What’s In Store For You:

This is a full-time direct hire opportunity supporting a high-growth data center thermal systems portfolio.

The role offers the chance to influence electrical and power architecture for AI and high-density compute environments, including systems that must balance safety, reliability, efficiency, scalability, serviceability, cost, and deployment readiness.

Remote flexibility may be considered for exceptional candidates, with travel expected as needed for customer meetings, technical reviews, field validation, industry events, and project support.

How You Will Make An Impact:

  • Lead electrical and power system concept development for advanced data center thermal systems.
  • Evaluate power architectures involving 800VDC, AC/DC conversion, power shelves, busbars, switchgear, UPS, batteries, generators, EPMS, controls, and rack/facility power distribution.
  • Partner with mechanical, thermal, controls, product, field, and customer-facing teams to ensure power architecture aligns with cooling system requirements.
  • Translate high-density compute and cooling loads into practical electrical infrastructure requirements.
  • Support development of system concepts, single-line inputs, operating strategies, safety requirements, control interfaces, and reference design content.
  • Evaluate equipment operating limits, redundancy strategies, fault conditions, commissioning readiness, and system-level performance tradeoffs.
  • Support field validation, troubleshooting, factory witness testing, deployment readiness, and customer solution reviews.
  • Provide technical guidance for strategic pursuits, customer discussions, industry events, and commercialization activities.
  • Mentor engineers and help build organizational knowledge around high-density data center power systems.

Do you have the expertise to lead in data center electrical and power systems?

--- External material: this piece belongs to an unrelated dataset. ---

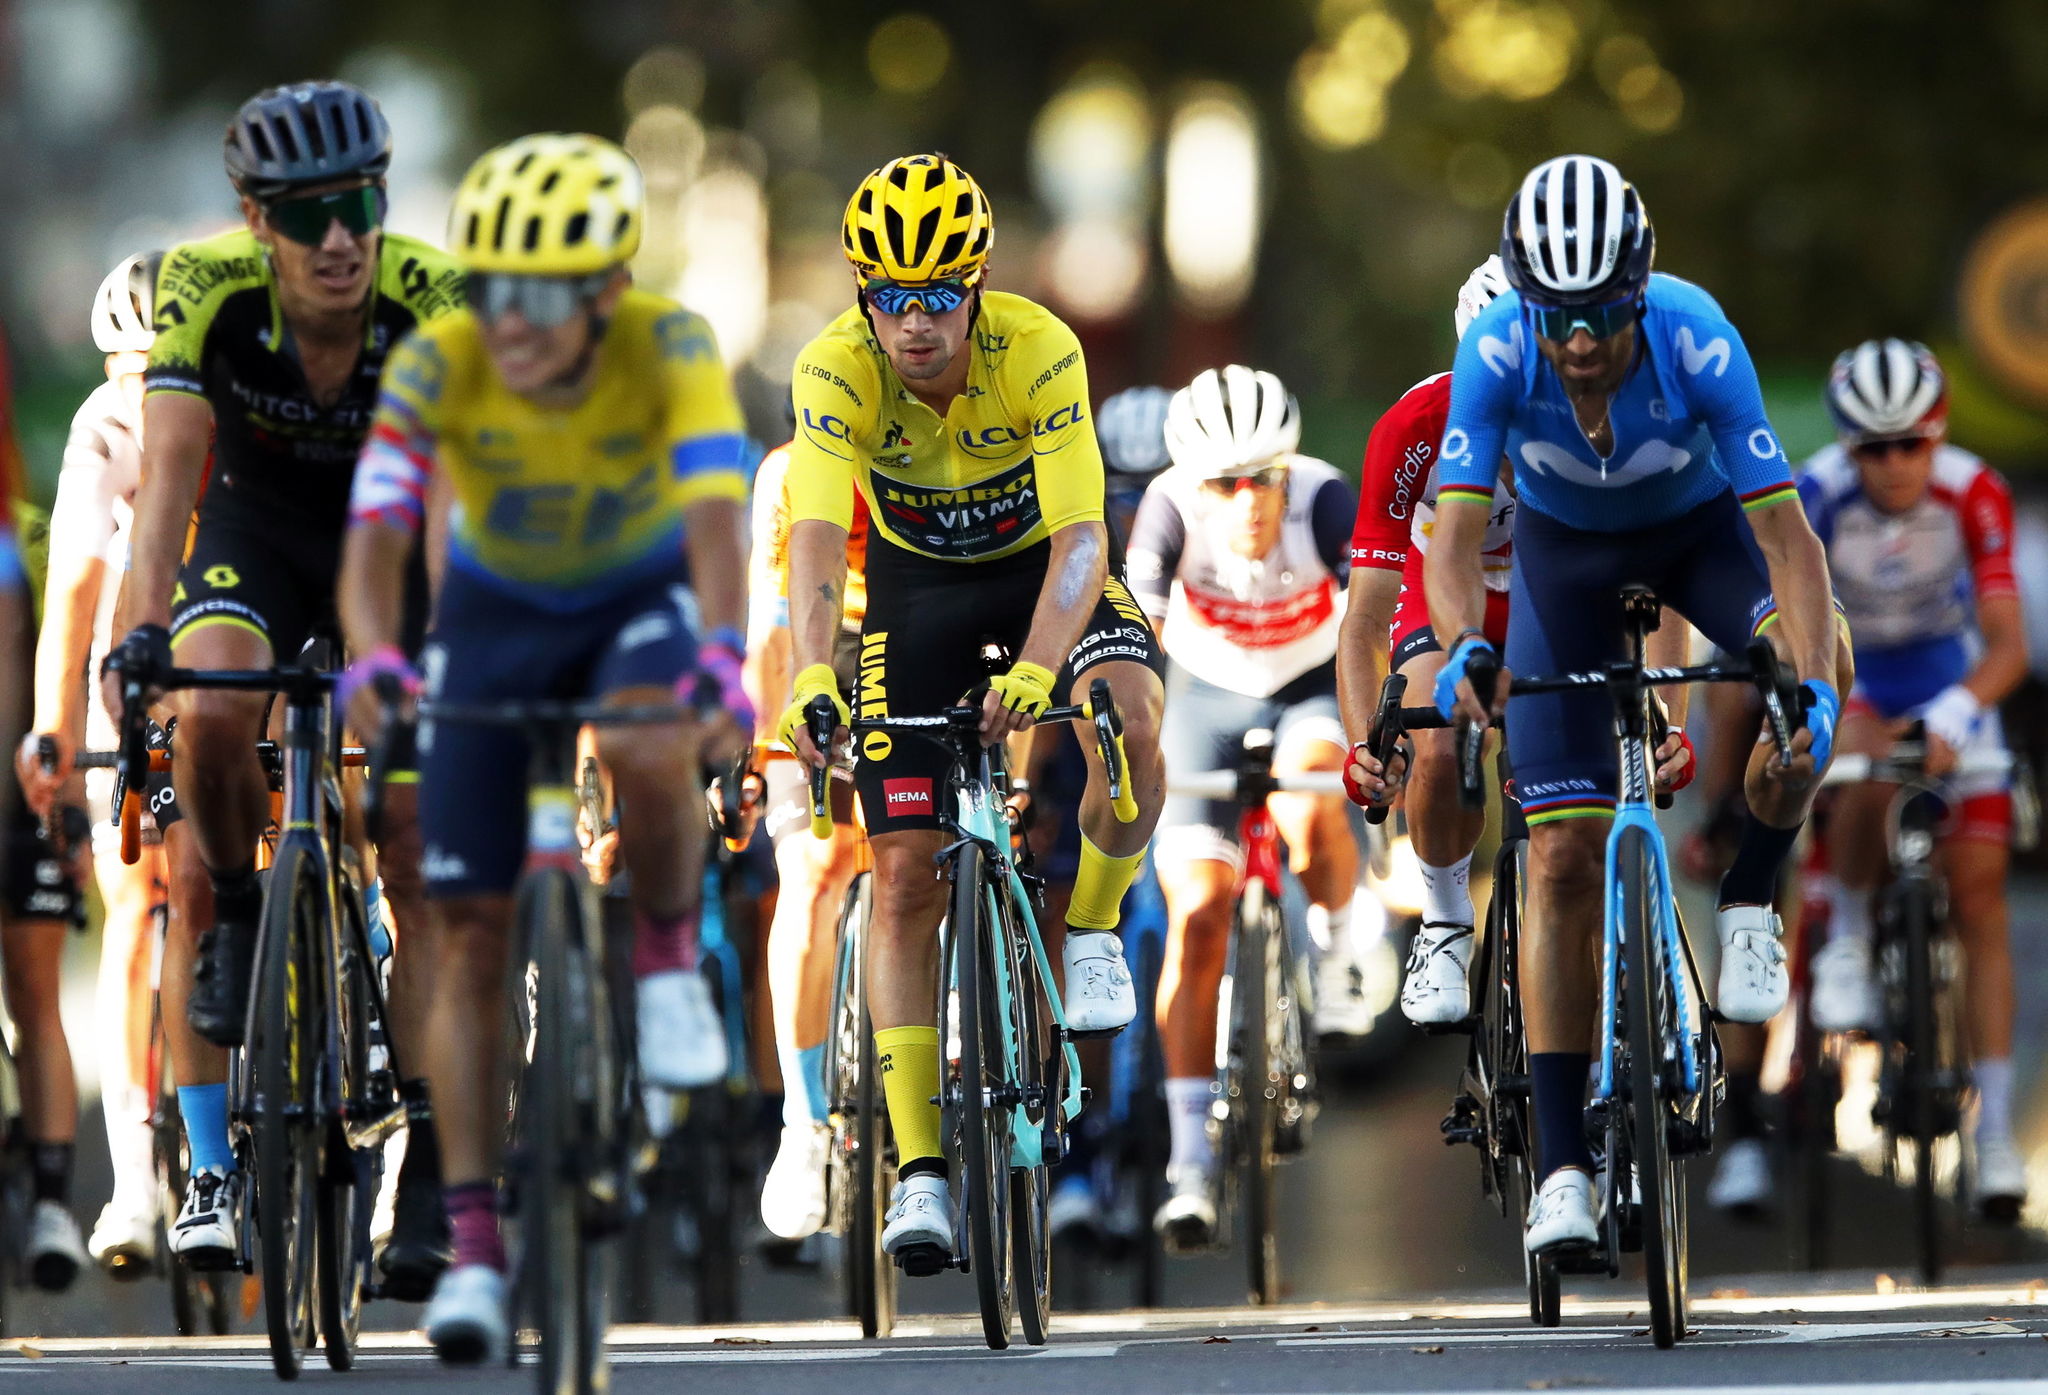 Lyon (France), 12/09/2020.- Slovenian rider Primoz lt;HIT gt;Roglic lt;/HIT gt; (C) wearing the overall leader's yellow jersey crosses the finish line of the 14th stage of the Tour de France over 194km from Clermont-Ferrand to Lyon, France, 12 September 2020. (Ciclismo, Francia, Eslovenia) EFE/EPA/Stephane Mahe / Pool

  • 8+ years of relevant engineering experience in data center electrical systems, power infrastructure, heavy industrial power, power electronics, mission-critical facilities, or high-density compute infrastructure.
  • Direct experience with data center, mission-critical, industrial, or advanced power systems, including switchgear, UPS, generators, batteries, busbars, power distribution, AC/DC conversion, or high-voltage DC systems.
  • Exposure to 800VDC, HVDC, DC busbar architecture, rack-level power, power shelves, or high-density AI/HPC infrastructure is strongly preferred.
  • Strong system-level understanding of how power architecture supports cooling, controls, reliability, and high-density data center deployment.
  • Experience with electrical safety, fault tolerance, redundancy, grounding, commissioning, controls integration, or power monitoring systems.
  • Familiarity with EPMS, BMS/BAS integration, PLC/control interfaces, utility coordination, load management, or demand limiting is preferred.
  • Ability to evaluate complex electrical and power systems with a practical, real-world engineering mindset.
  • Strong communication skills with the ability to present technical concepts to customers, leadership, engineering teams, field teams, and industry stakeholders.
  • Exposure to OCP, IEEE, IEC, UL, NFPA, NEC, ASHRAE TC 9.9, or other data center / electrical standards organizations is preferred.
  • Professional Engineering license, advanced degree, conference participation, standards work, publications, or technical presentations are helpful but not required.